Reporter: Abdul Basith | Editor: Sofyan Hidayat
KONTAN.CO.ID - JAKARTA. Dorongan pengesahan revisi Undang Undang Terorisme (UU Terorisme) perlu memperhatikan kondisi masyarakat. Terdapat berbagai polemik sehingga terdapat tarik ulur dalam revisi UU Terorisme. Meski begitu, poin-poin yang terdapat dalam revisi UU Terorisme perlu diperhatikan agar tidak mengancam suatu kelompok masyarakat tertentu.
"Jangan sampai UU Terorisme nanti lebih menakutkan dari terorisme itu sendiri," ujar Pengamat Terorisme Institute for Security and Strategic Studies (ISESS) Khairul Fahmi.
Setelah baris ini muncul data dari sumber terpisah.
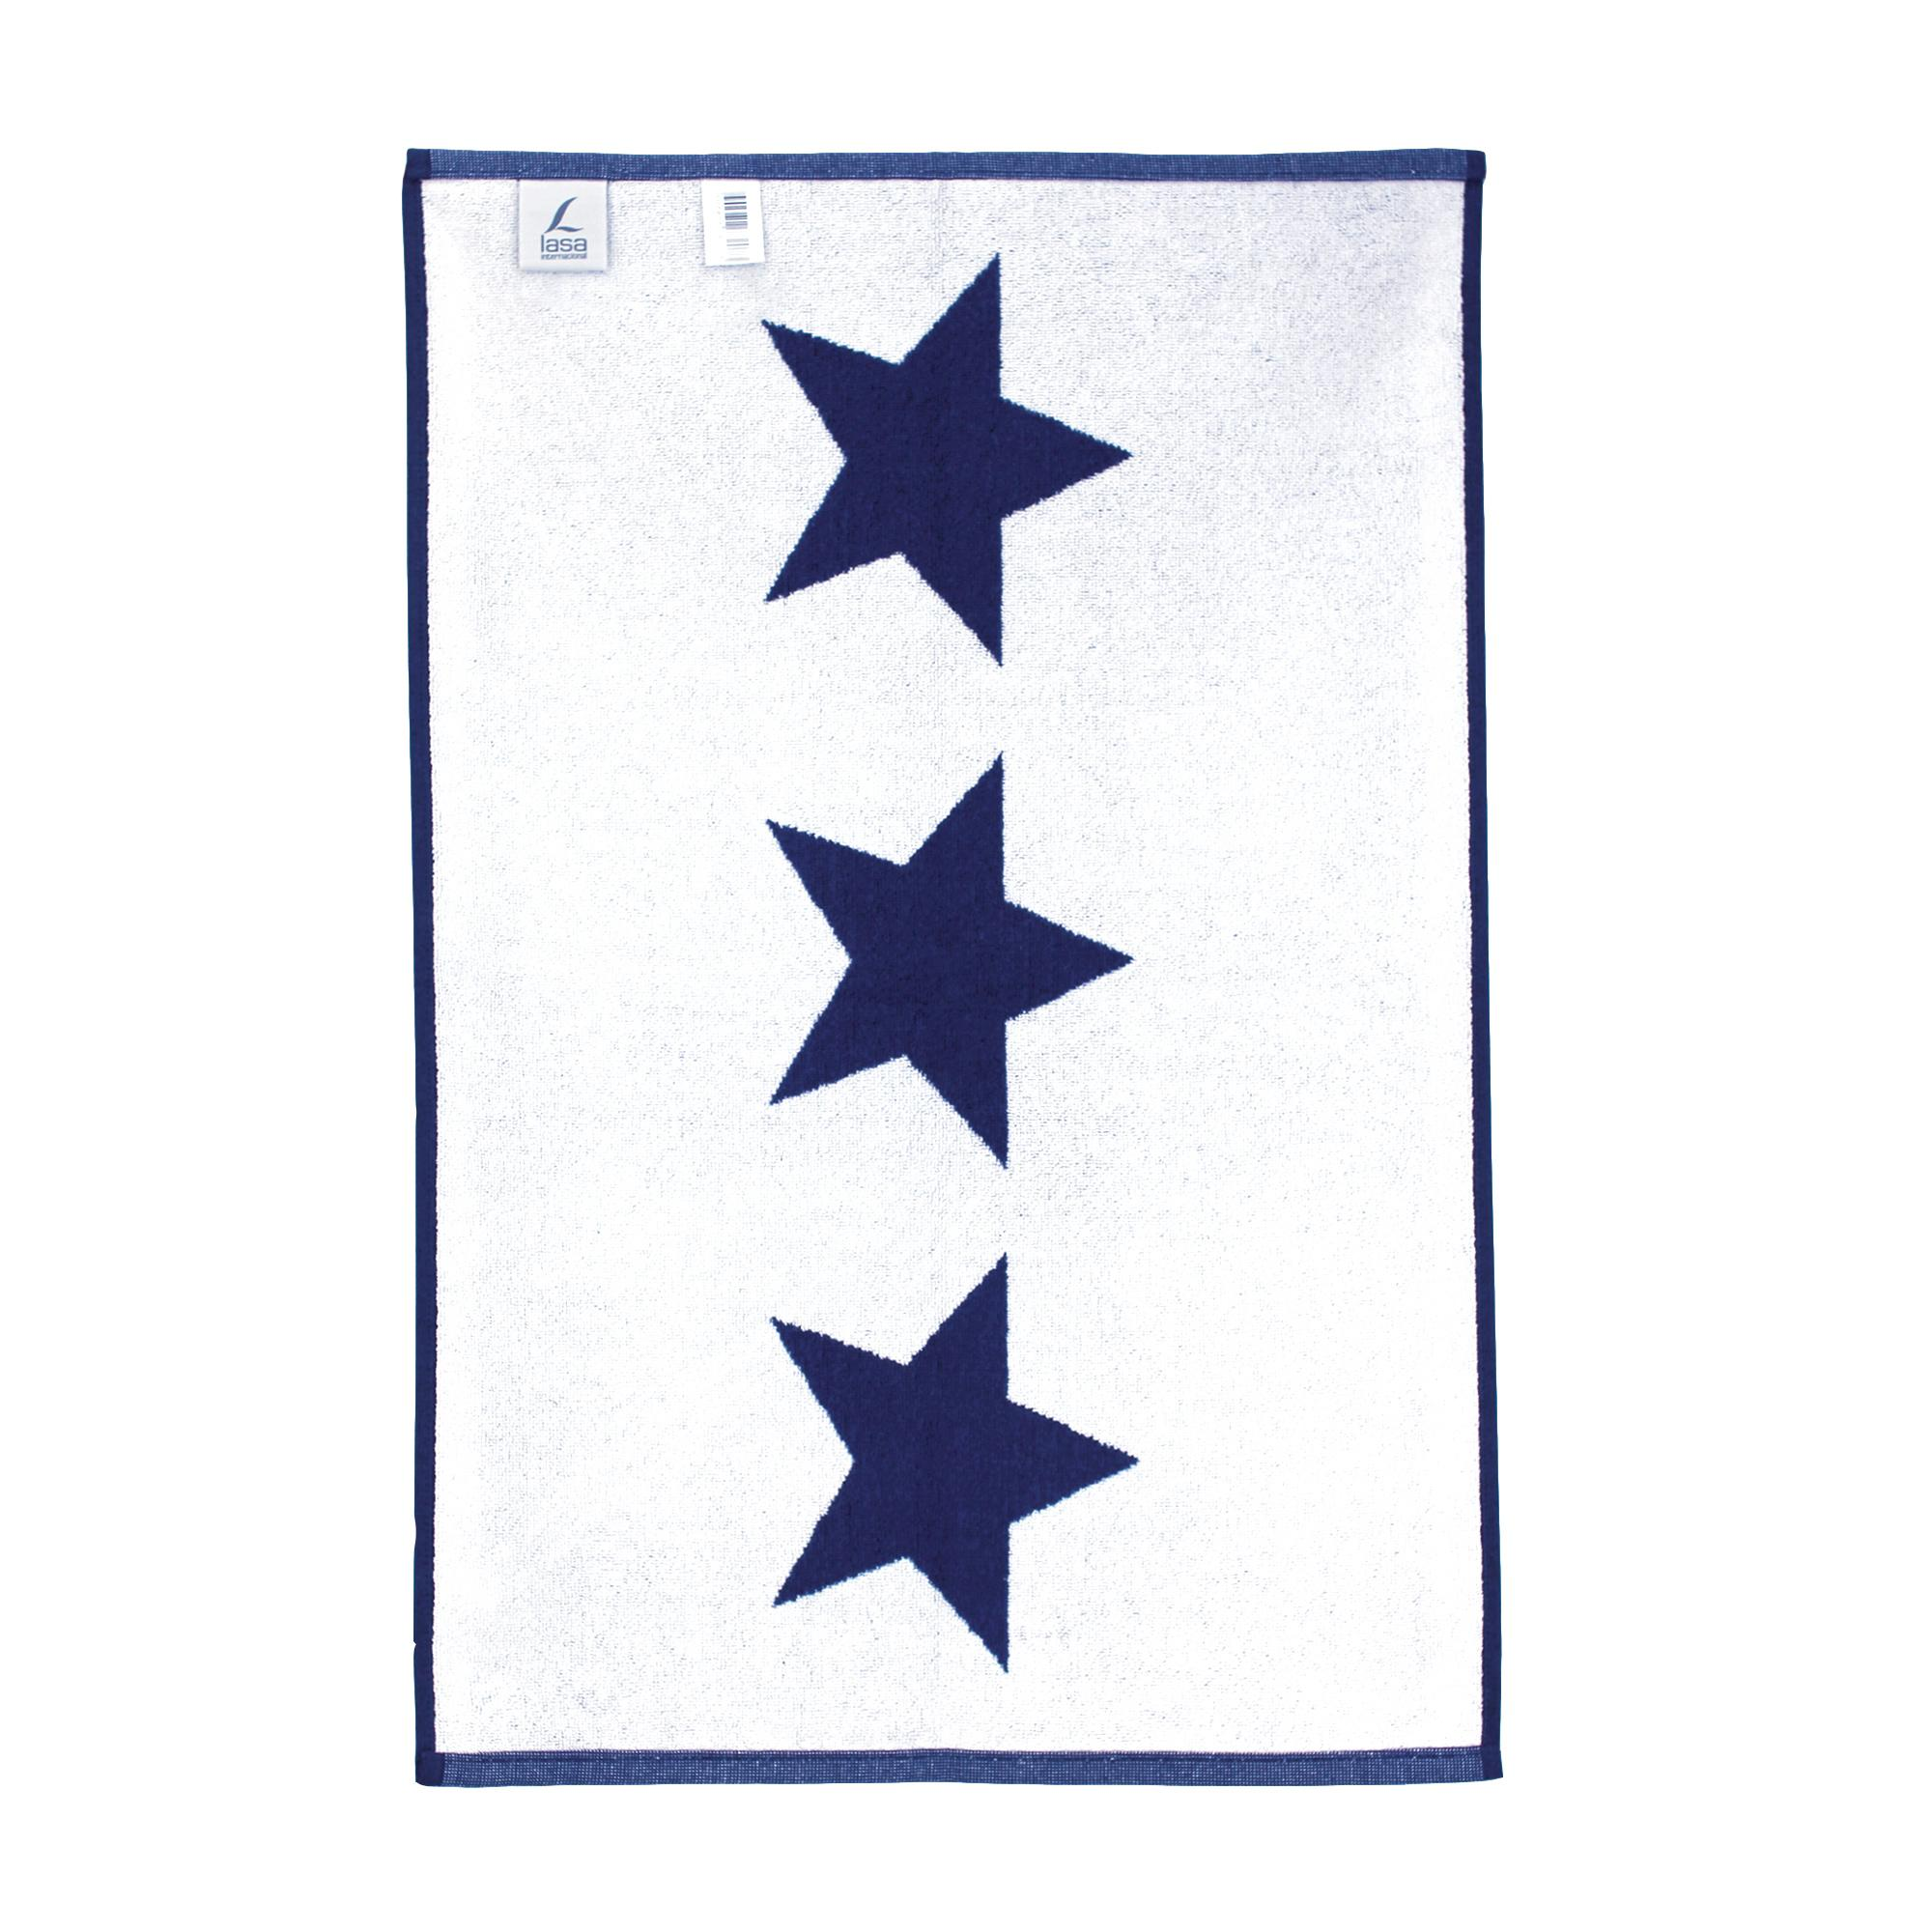 Tapis de bain 50x70 cm coton stars bleu marine linnea - Tapis salle de bain bleu marine ...

Poin dalam UU Terorisme dapat disalahgunakan bila terdapat ketidakjelasan. Khairul mencontohkan soal penyadapan yang memerlukan kejelasan kapan tindakan penyadapan dapat dilakukan.
Selain poin yang jelas, Khairul bilang pada revisi UU Terorisme belum terdapat norma terhadap hal utama yang dibahas. Hal itu akan membuat pengertian terorisme menjadi tidak jelas.
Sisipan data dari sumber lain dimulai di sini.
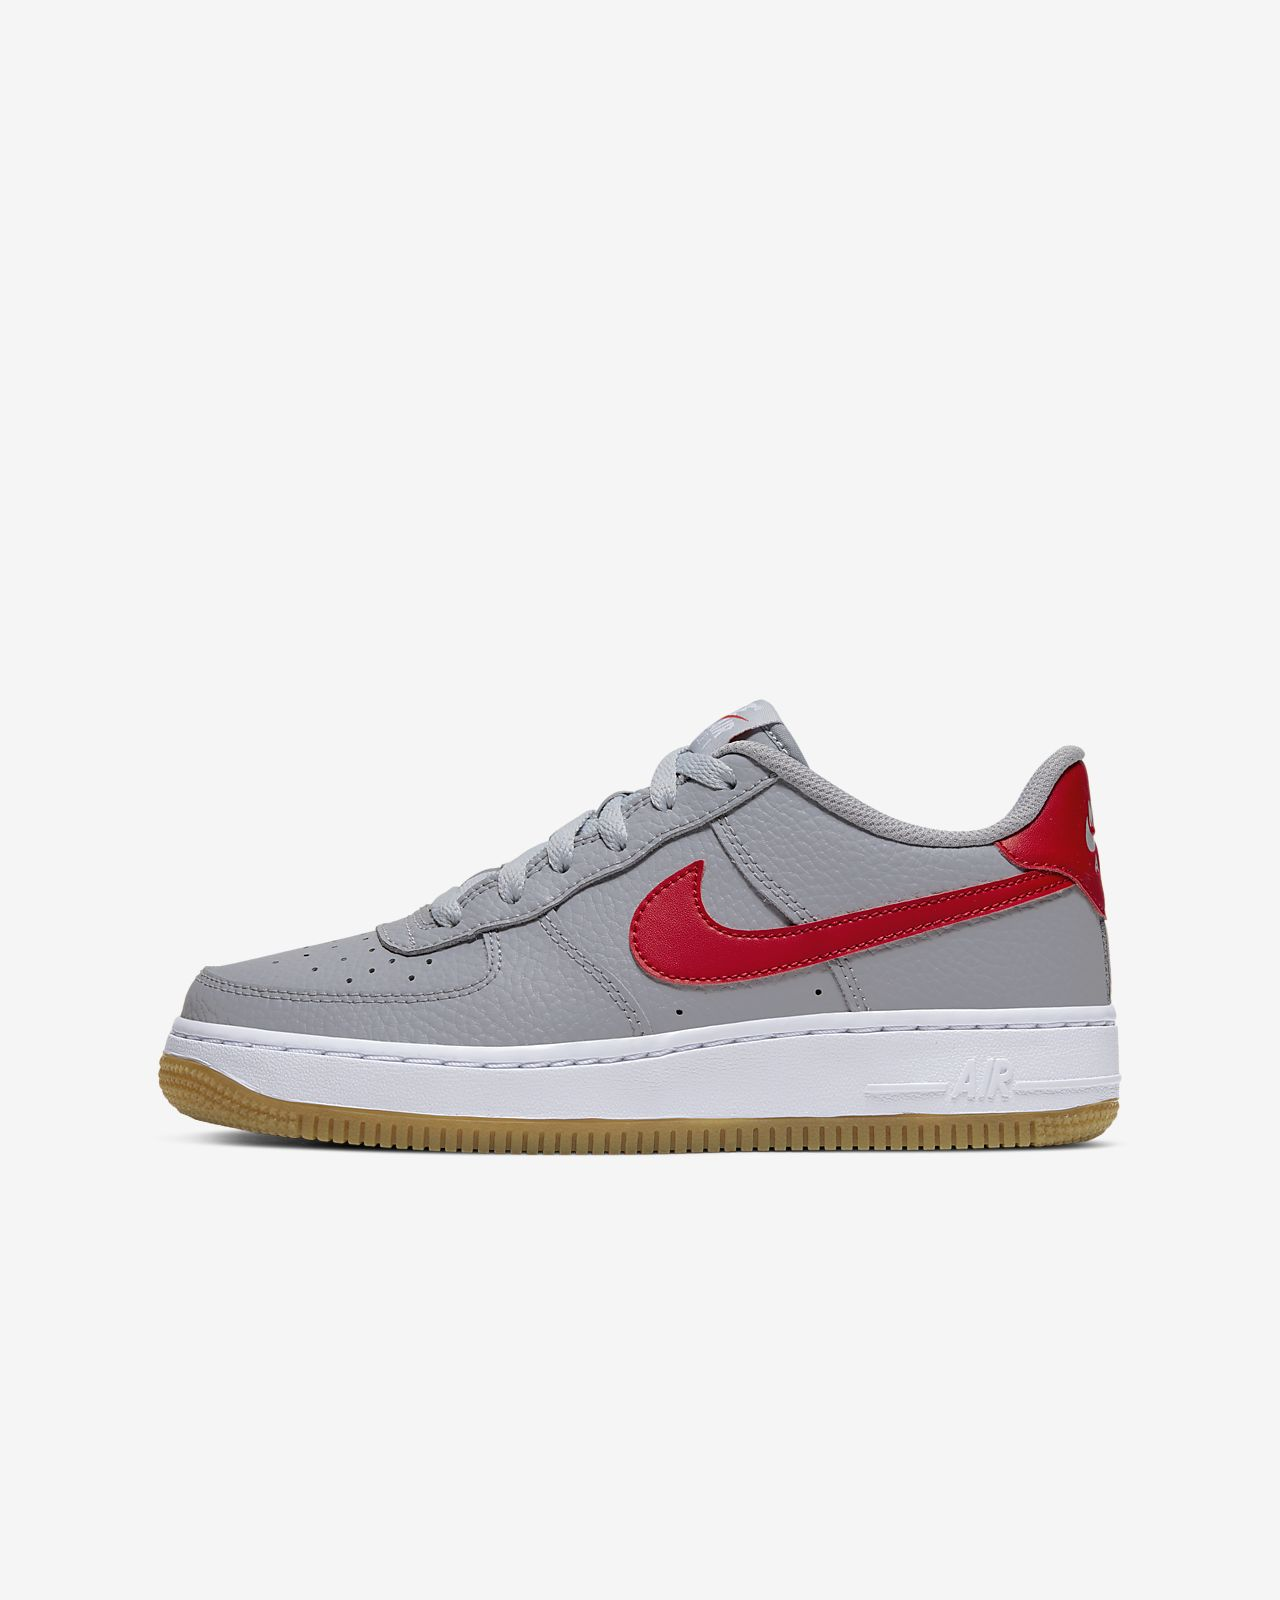 Nike Air Force 1 2 Big Kids' Shoe

"RUU Tindak Pidana Terorisme ini belum punya rumusan normatif yang jelas tentang terorisme, radikalisme dan deradikalisasi itu sendiri," terang Khairul.
Meski begitu, Khairul sepakat penting adanya UU Terorisme. Revisi UU Terorisme dapat memperbaiki sisi lemah payung hukum pemberantasan terorisme.
Khairul menjelaskan selama ini belum ada klausul yang membahas mengenai pencegahan. Selain itu juga revisi UU Terorisme mencantumkan pengaturan untuk digunakannya pendekatan kesejahteraan sosial sebagai upaya rehabilitasi dan deradikalisasi.
Hal yang juga penting dibahas dalam revisi UU Terorisme adalah peran Badan Nasional Penanggulangan Terorisme (BNPT). "Sampai hari ini posisi BNPT paling lemah karena sebelumnya tak memiliki payung hukum setingkat UU," jelas Khairul.
Posisi BNPT dinilai perlu dipertegas termasuk mengenai distribusi peran dan kewenangan. Sejauh mana masing-masing unsur seperti Polri, BIN, TNI. Misal, di level dan area mana saja TNI bisa, boleh dan harus dilibatkan.